Pears Frequently Asked Questions
1. Why do I get the java.lang.OutOfMemoryError error when I try to build/update my Pears database?
The problem is probably
with your command line arguments to java.
Java uses a very small default memory size. You need to increase it.
I use this to run Bartlett:
java -Xmx800m
-Xms700m ORG.oclc.pears.Bartlett.Bartlett
This gives java
700MB of memory to start with and allows it to go up to 800MB. Those numbers can be increased if you
continue to run out of memory. You
could run the maximum up to a significant percentage of the 2GB available. I would not increase the smaller number;
there is no point in requiring excessive memory that you might not need.
Building the
database in several passes is very slow.
If a significant number of records are added to the database, the index
for the database is pretty much completely rebuilt. If it takes ten passes to load the database, then the time spent
building the index in the first nine passes was wasted. Bartlett allows you to specify multiple
input files on its command line. You
should list all your input files and build the database in one pass. Simply repeat the -i parameter for every
file. They will be loaded in the order
specified.
Bartlett
collects extracted index terms into an internal buffer. The size of that buffer is controlled by the
-m parameter. That defaults to 500K
terms, but I usually increase that to at least 1M. As you increase the size of the buffer, you increase your memory
requirements and may need to increase the -Xmx parameter.
When the internal
index term buffer fills, Bartlett must then process those terms. The default behavior is to add them to the
index by running Bosc. For small
database updates, this is fine. But,
when a significant number of records are being added to the database, these
repeated index rebuilds are wasted effort.

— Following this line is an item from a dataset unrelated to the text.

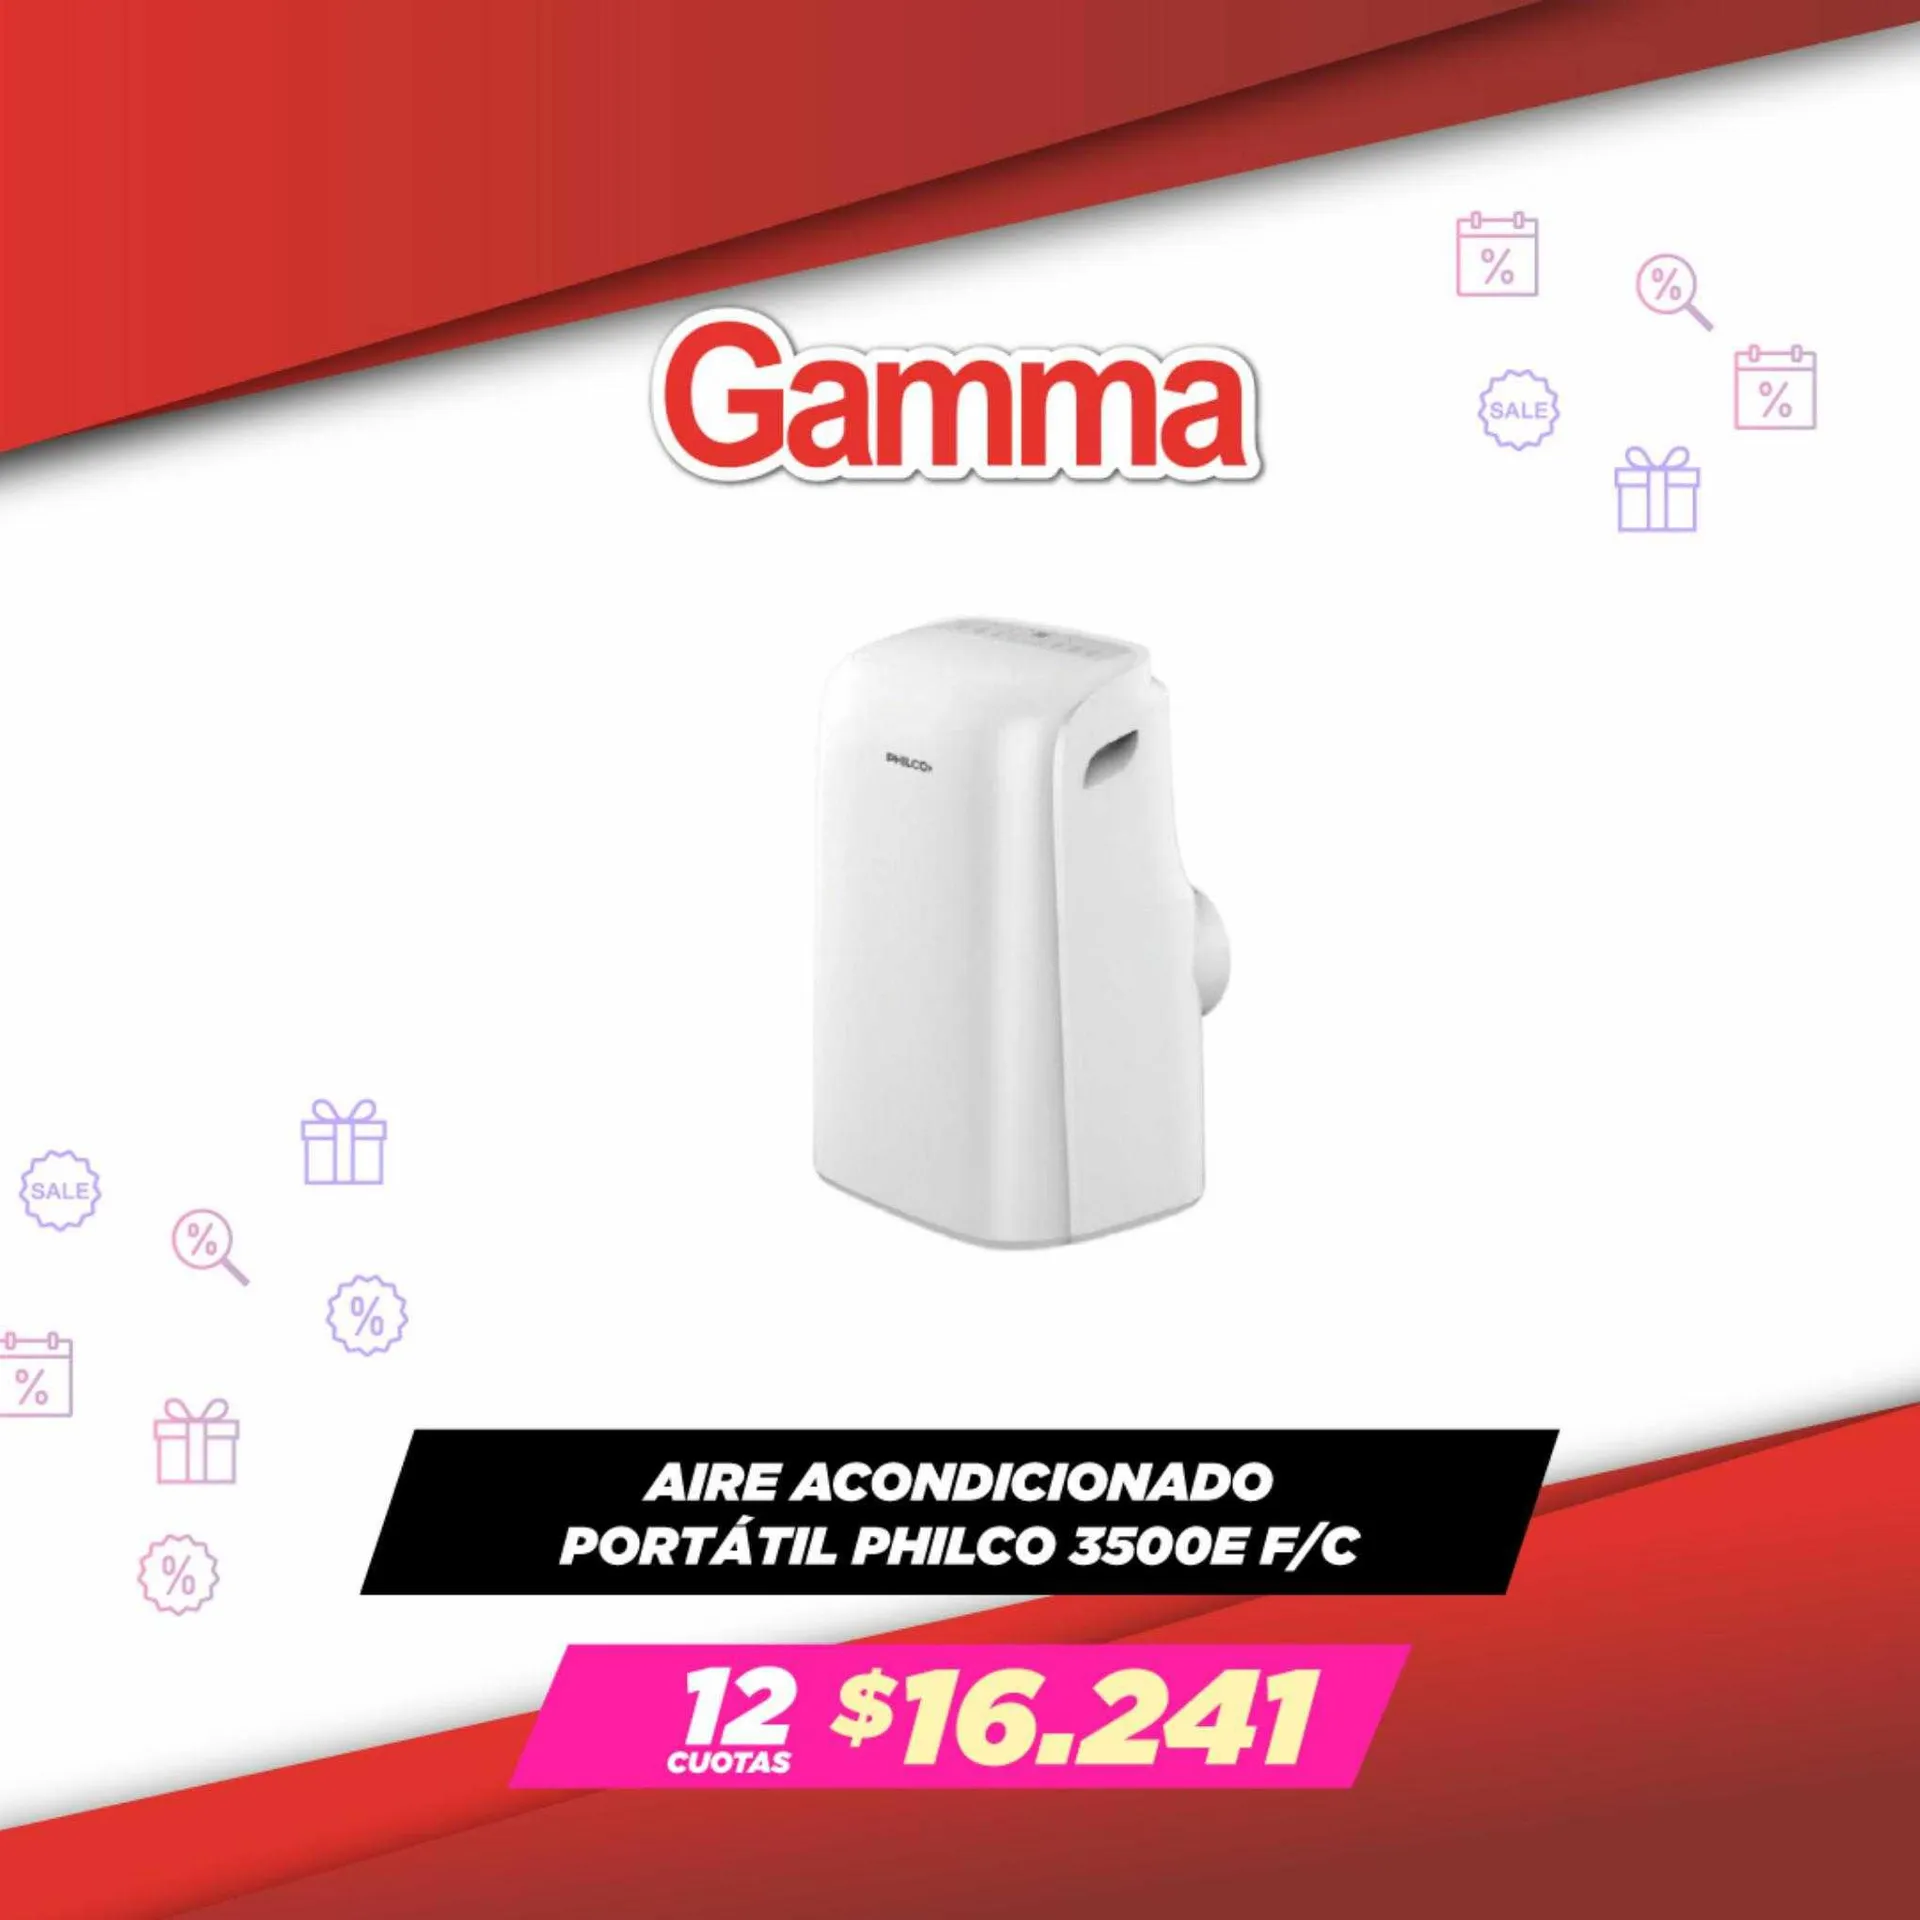 Catálogo Gamma - 2

Instead, you can have Bartlett write the contents of the buffer to a
file and have it merge the files after all the records have been added and
build the index in a single pass. This
is VERY efficient. You make this happen
by added a -w parameter to Bartlett and follow that switch with a root name for
the files. Bartlett will add a sequence
number to that root name. So, if you
add the parameter -wterms to the Bartlett command line, you will see files
named term0, term1, etc. written to your file system. Bartlett does not automatically delete those files, so you'll
want to do that after the database is built.
It doesn't hurt to leave them; Bartlett will write over them if you add
the same -w parm to a subsequent run.